We had another game that I would also kill to play today, we played this till we were really way too old for team games… Its hide and seek in teams with a huge boundry. Like a kilometer in every direction from the home base :slight_smile: In the mountains! Wheee we played this one in the scouts a lot, it was called a “Wide Game”. Game was over half hour after nightfall if there were still people who hadn’t been found… Worst injury I saw in about 10 years of playing that game was a guy who jumped in shorts and t-shirt over a wall and into a huge nettle-patch in an attempt to escape a pursuer, he looked like a failed experiment :smiley: , but it would hardly count as a serious injury?

Iteki – just babbeling, dont mind me…

I played that too! Except at the time I was so little I could never break through.

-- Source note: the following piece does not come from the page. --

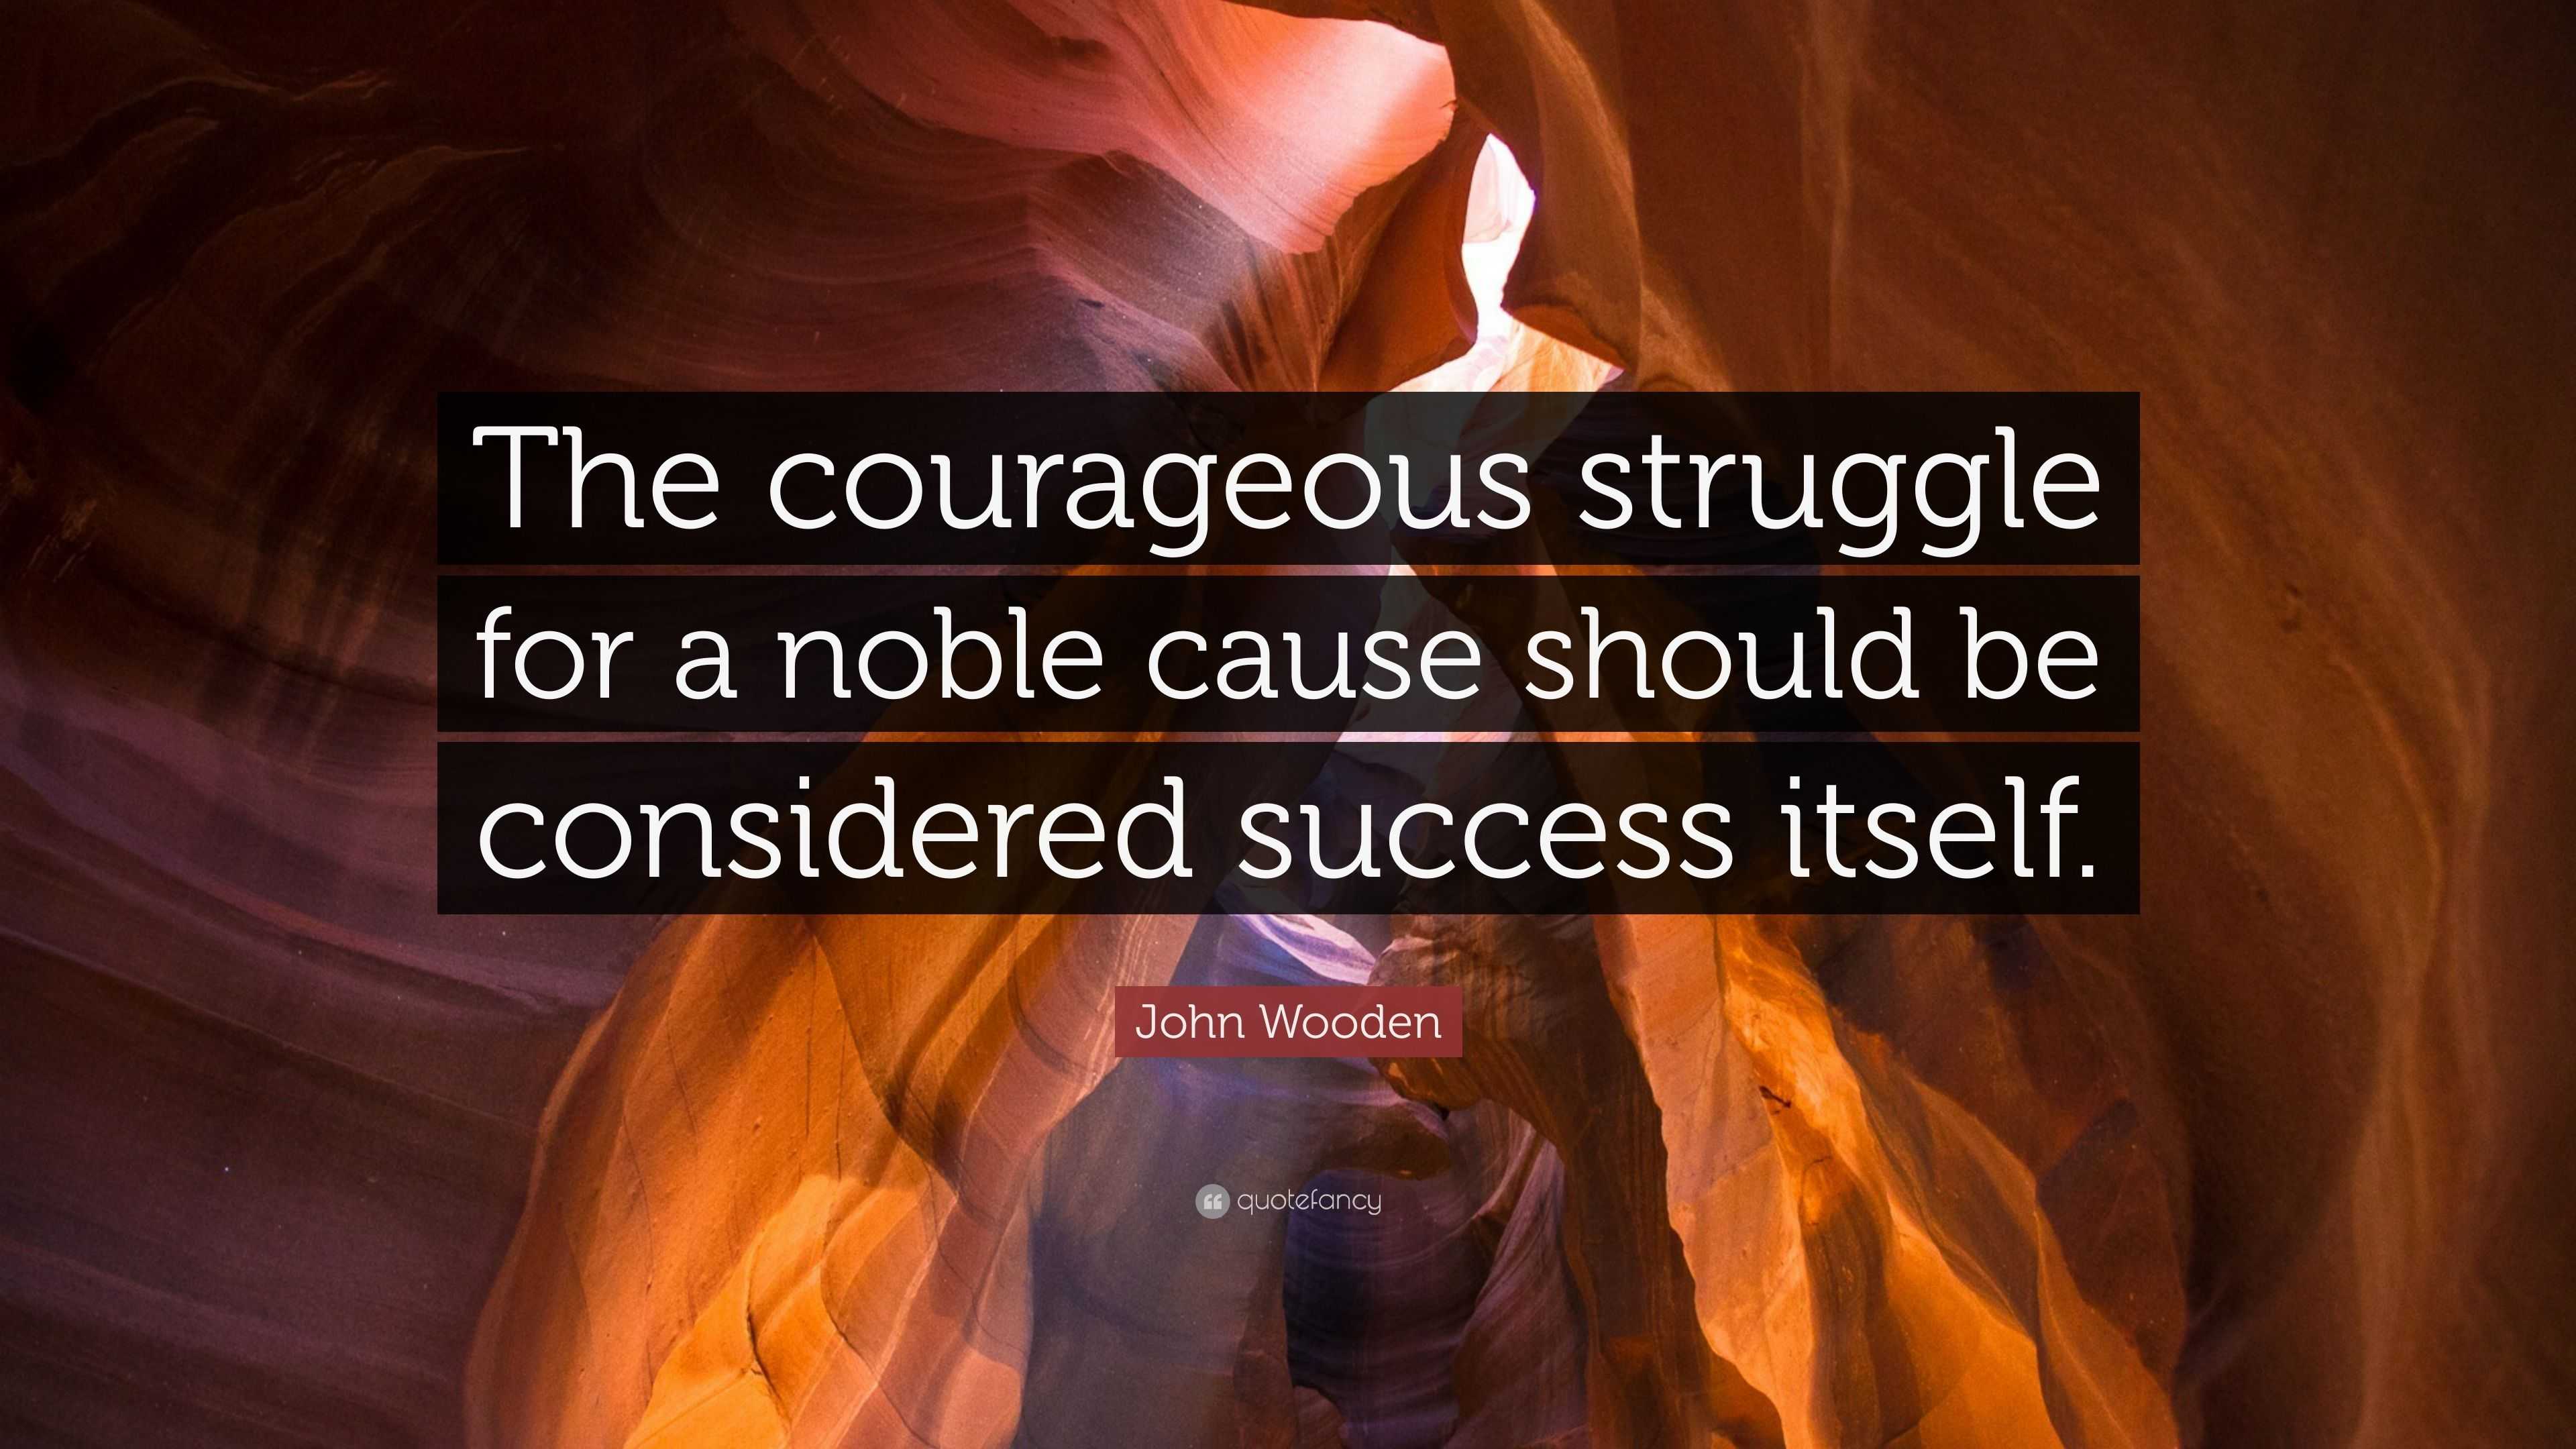 John Wooden Quote: “The courageous struggle for a noble cause should be ...

I got injured just about every time it was my turn. Luckily I had a growth spurt during one summer, and the next year I was all set to knock peoples’ arms off, but we never played it for some reason.

I played that at boy scout camp. I wish I could relive all my times at camp… We also played ditch 'em with a huge boundary. One person is it and they have to tag people to get them on their team. Nothing is better than playing ditch 'em in the dark.

I have an interesting scout anecdote, but I am saving it till you all know me better and/or i am very drunk…

(sorry about the double post btw, didn’t want to waste a whole post apologising for it earlier.)

I have an interesting scout anecdote, but I am saving it till you all know me better and/or i am very drunk…

(sorry about the double post btw, didn’t want to waste a whole post apologising for it earlier.)

The irony…

Come to think of it, “Crack the Whip” was not allowed.

Um, wasn’t it the other way around-if you broke through, you could go back to your team, if you didn’t, you had to stay on the other one?

I think Red Rover was banned at my school after we got too rough.

I think it all depends on the kids. SOME kids can be trusted-some can’t.

Didn’t Wellington say that “the Battle of Waterloo was won on the playing fields of Eton”?